Twitter drives 4 times as much traffic as you think it does
Over the last few weeks, TechCrunch has run a couple posts using their own referrer logs to measure how sharing on various social services drives traffic. In these and other analyses based solely on referrer information, Twitter performs surprisingly poorly relative to expectations many of us have based on our own observations of the volume of link sharing on Twitter.
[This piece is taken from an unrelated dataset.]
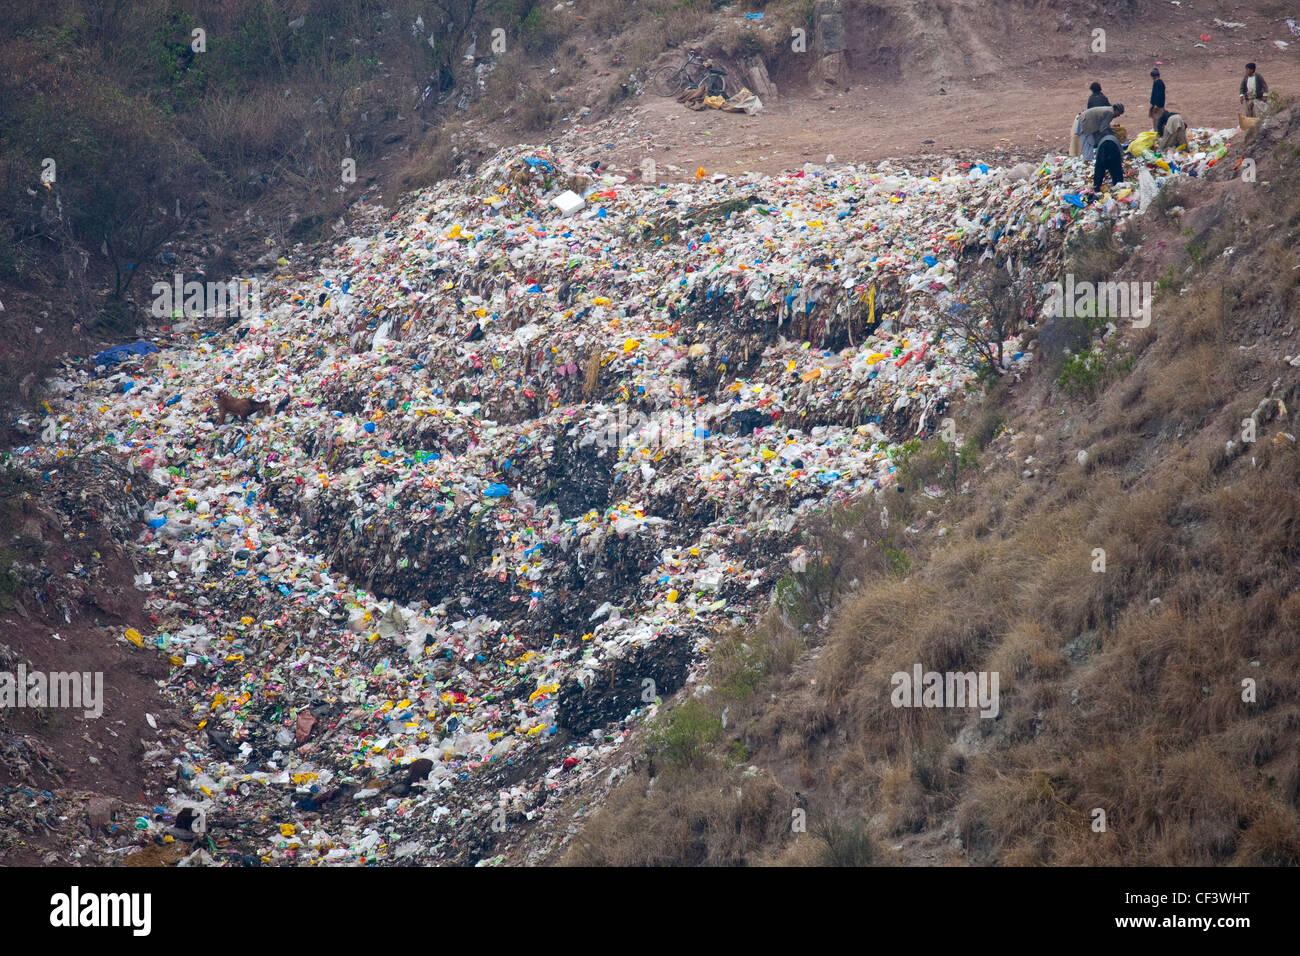 Hillside garbage, Islamabad, Pakistan - Stock Image

Does that mean the people you follow on Twitter who share links all the time are that atypical? Do most normal people just not click on links in Tweets? Is LinkedIn far more popular with the rest of the world than it seems to be with the people you know?
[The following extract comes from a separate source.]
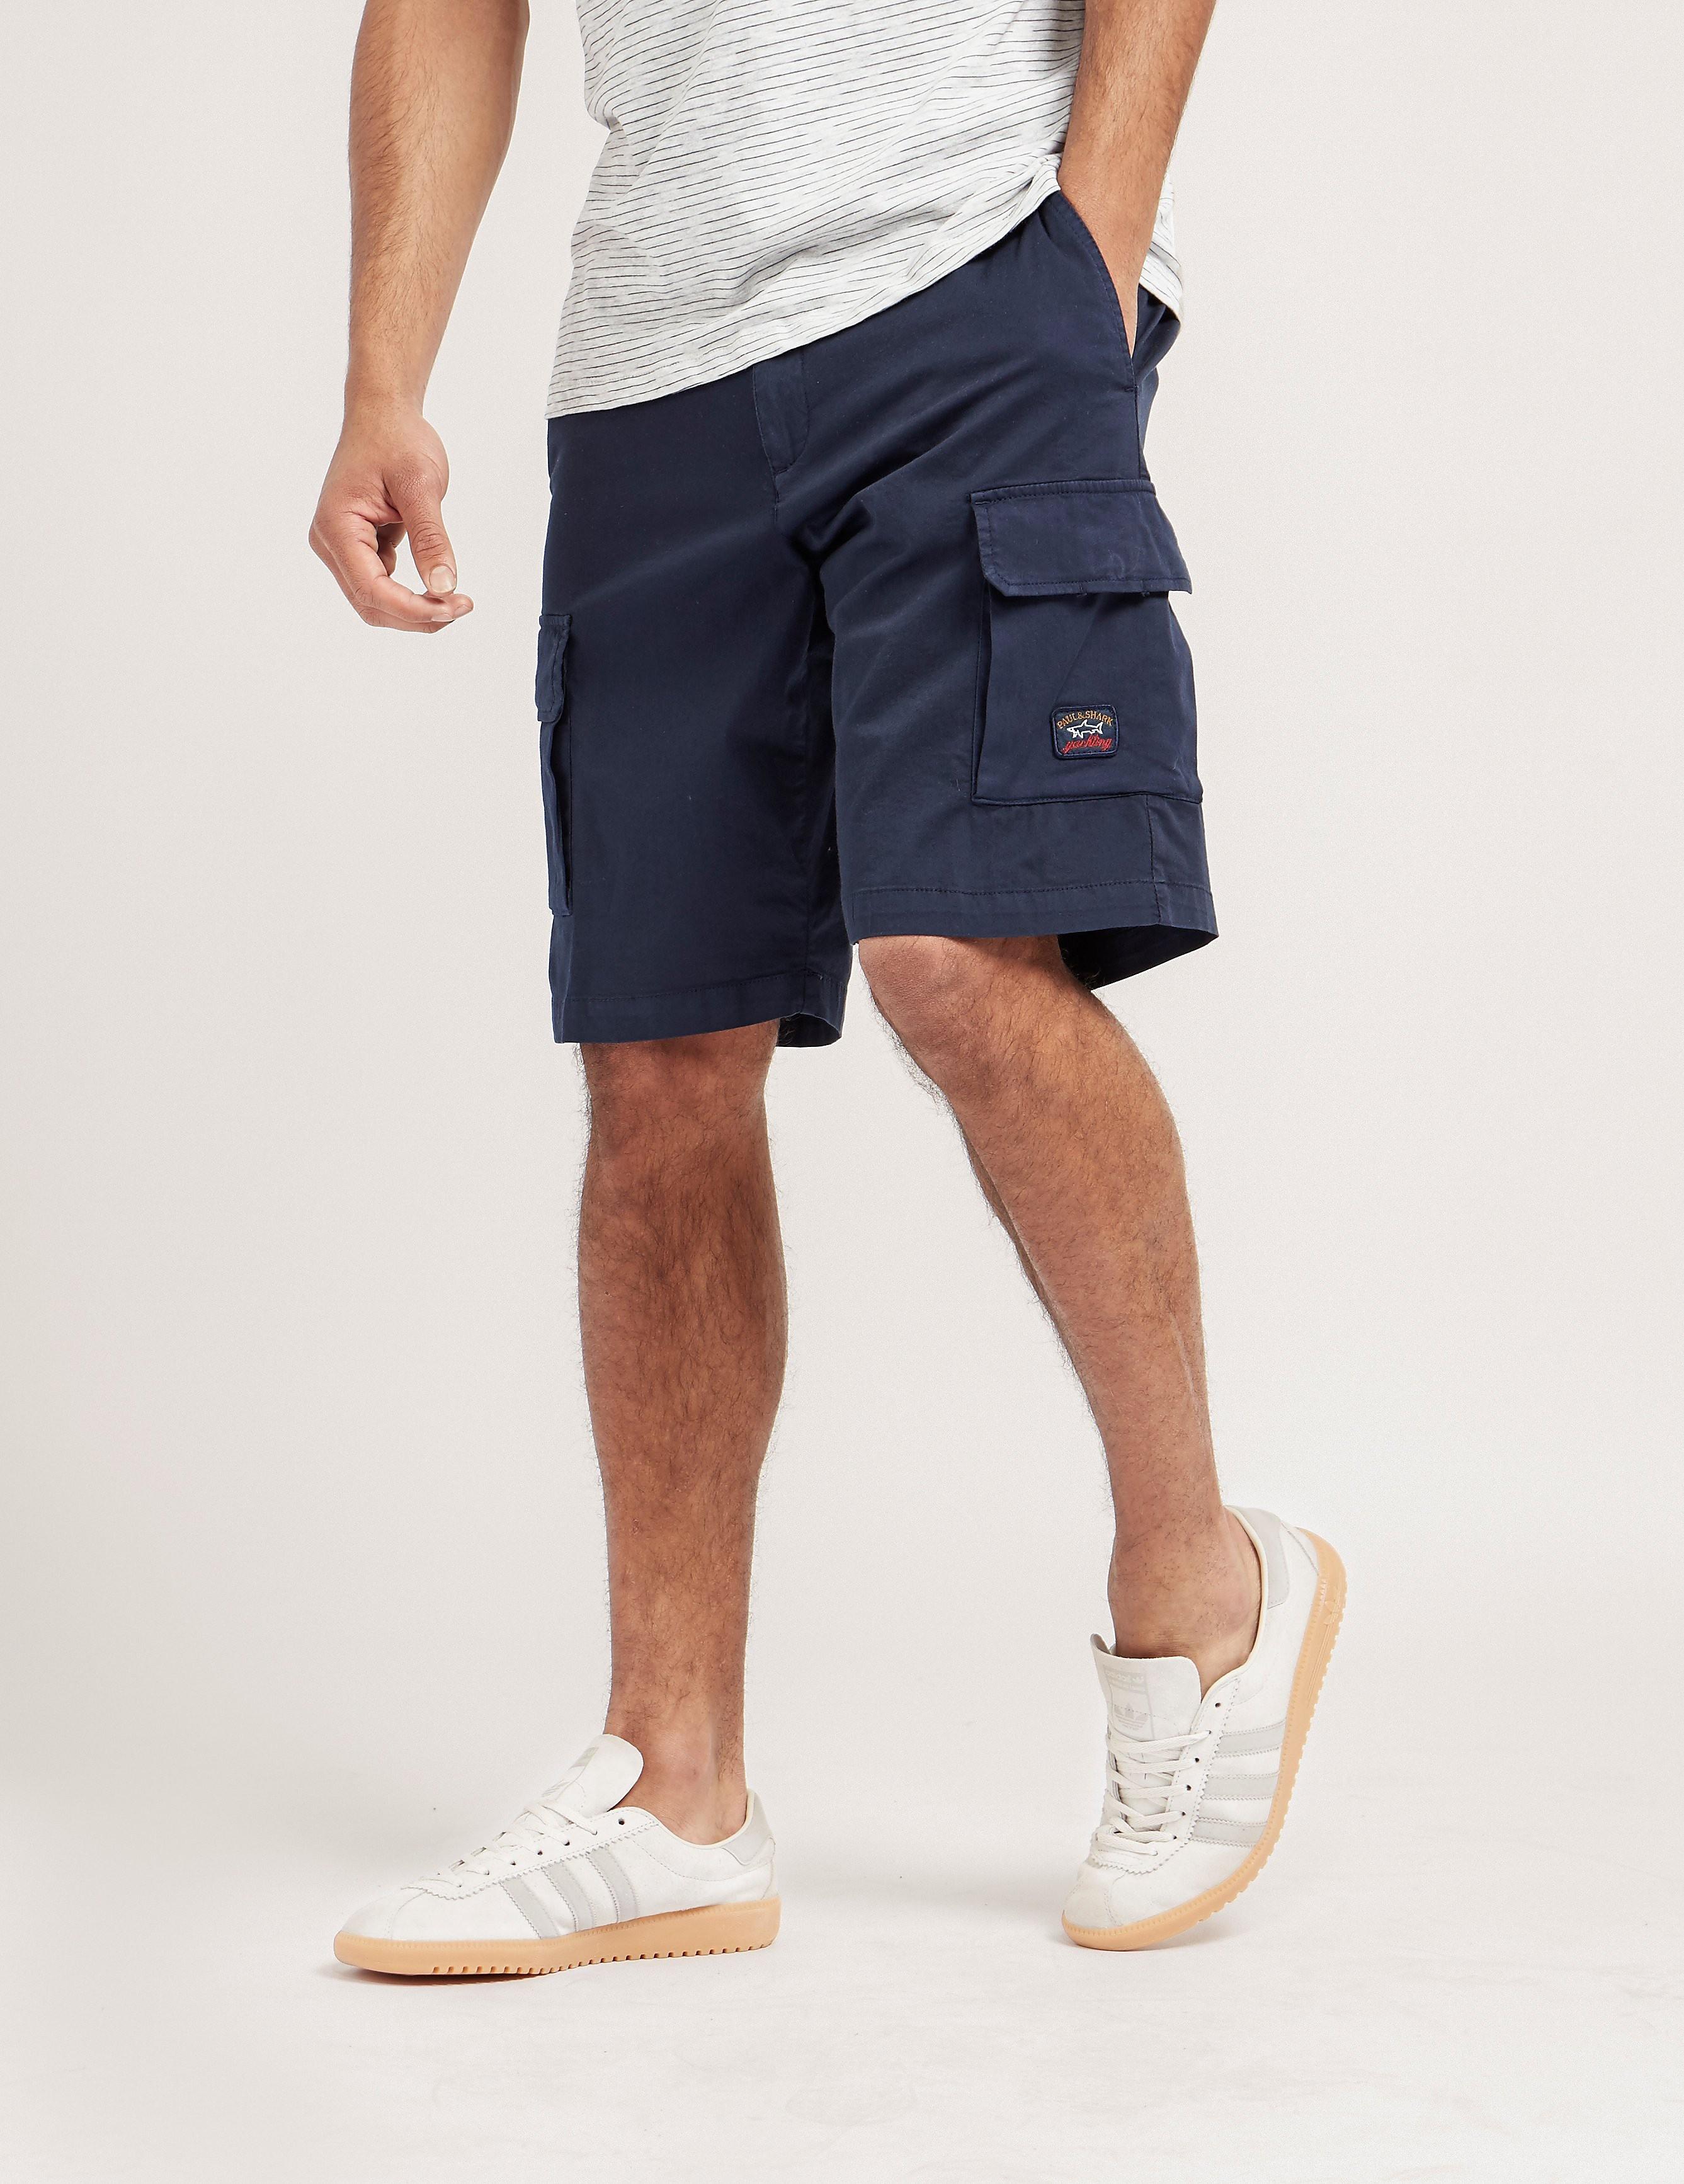 Paul and Shark Cargo Shorts

No, no, and no. There is a much simpler answer behind this disparity: referrers are a poor way to attribute traffic from social sharing .
Referrer analysis is based on the outdated metaphor of the web as a network of links between static pages that could only be navigated by browsers. Today’s web is built around social streams and other APIs that are consumed via dynamic web applications, desktop clients, mobile apps, and even other web services, all of which render referrers obsolete as an attribution mechanism.
awe.sm was built for the modern web — a network of people, not pages — to track the results of Tweets, Likes, emails, and other sharing activities no matter what path they follow. So our system knows with certainty where each link was originally shared in addition to all the places where it was ultimately clicked (i.e. referrers). This approach gives us a unique set of data that demonstrates just how misleading referrer information can be.
And in the case of links shared on Twitter, it’s very misleading: the referral traffic one sees from Twitter.com is less than 25% of the traffic actually driven by Twitter .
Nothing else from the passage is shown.